Molecular characterization of the USO1 gene product which is essential for vesicular transport in Saccharomyces cerevisiae.

作者信息

Seog D H, Kito M, Igarashi K, Yoda K, Yamasaki M

机构信息

Department of Agricultural Chemistry, University of Tokyo, Japan.

出版信息

Biochem Biophys Res Commun. 1994 Apr 15;200(1):647-53. doi: 10.1006/bbrc.1994.1497.

Abstract

We have previously shown that USO1 gene required in the protein transport from the endoplasmic reticulum (ER) to the Golgi apparatus encodes a hydrophilic protein of 1790 amino acids. The sequence of carboxyl-terminal 1010 amino acids was predicted to have an alpha-helical structure characteristic of the coiled-coil rod region of the cytoskeleton-related proteins. Antibodies raised against partial sequences of the Uso1 polypeptide reacted with a 200 kDa protein in Western blots of the wild-type yeast proteins. The Uso1 protein was found predominantly in the soluble fraction and displayed a molecular mass of 800-900 kDa in gel filtration when globular protein were used as molecular mass standards.

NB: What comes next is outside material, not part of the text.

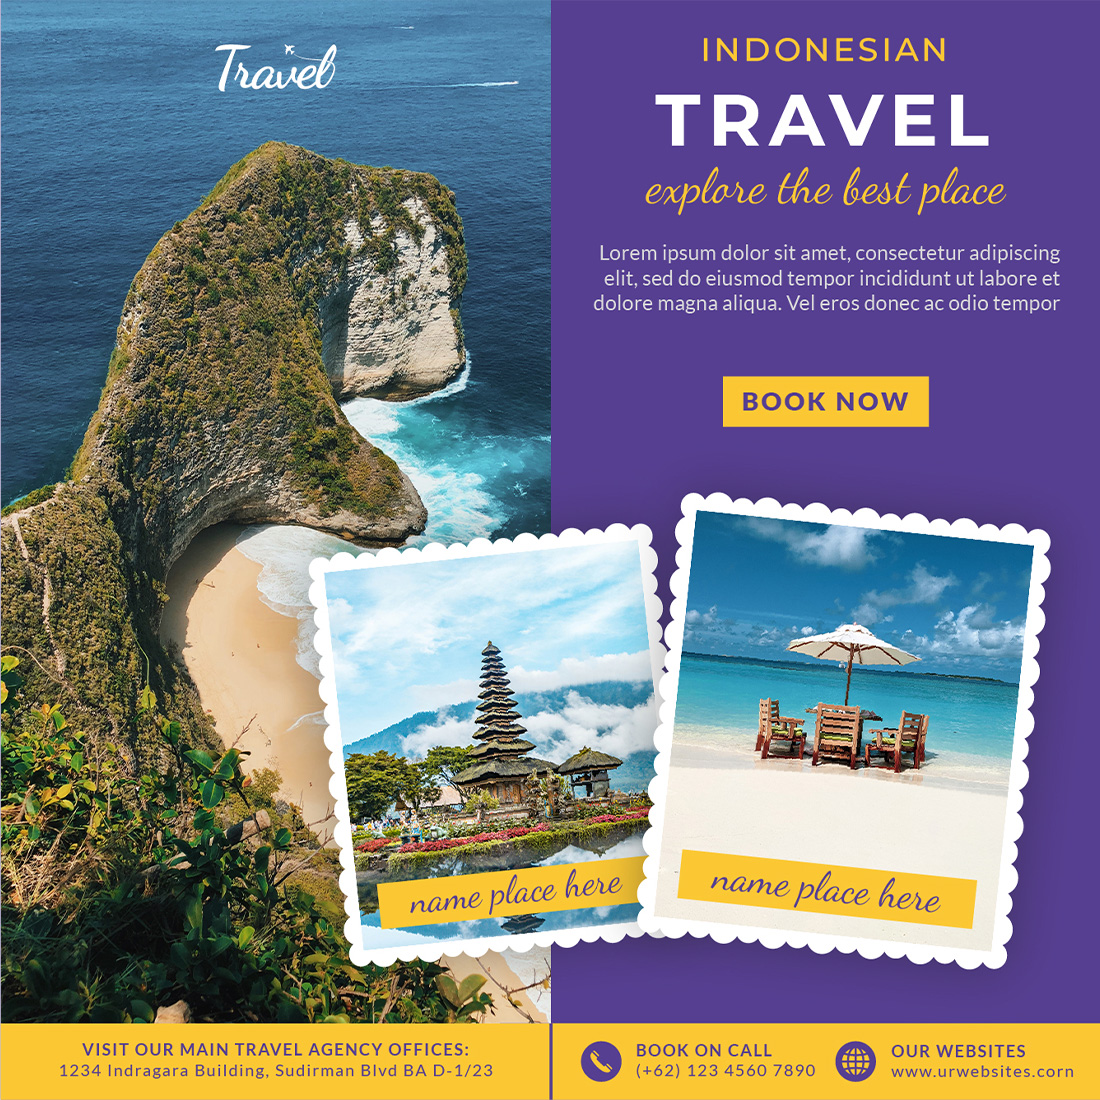 Travel & Tourism Social Media Post Templates Indonesian example.

In sucrose density gradient centrifugation, however, the Uso1 protein cosedimented with a globular 6S marker protein, horseradish peroxidase (44 kDa). These results suggest that, in its native state, the Uso1 protein forms a nonglobular oligomer.

摘要

我们之前已经表明,在内质网(ER)到高尔基体的蛋白质转运过程中所需的USO1基因编码一种由1790个氨基酸组成的亲水性蛋白质。预测羧基末端1010个氨基酸的序列具有细胞骨架相关蛋白的卷曲螺旋杆区域特有的α螺旋结构。针对Uso1多肽部分序列产生的抗体在野生型酵母蛋白的蛋白质印迹中与一种200 kDa的蛋白质发生反应。当使用球状蛋白作为分子量标准时,Uso1蛋白主要存在于可溶性部分,并且在凝胶过滤中显示分子量为800 - 900 kDa。然而,在蔗糖密度梯度离心中,Uso1蛋白与一种球状6S标记蛋白辣根过氧化物酶(44 kDa)共同沉降。这些结果表明,在其天然状态下,Uso1蛋白形成一种非球状寡聚体。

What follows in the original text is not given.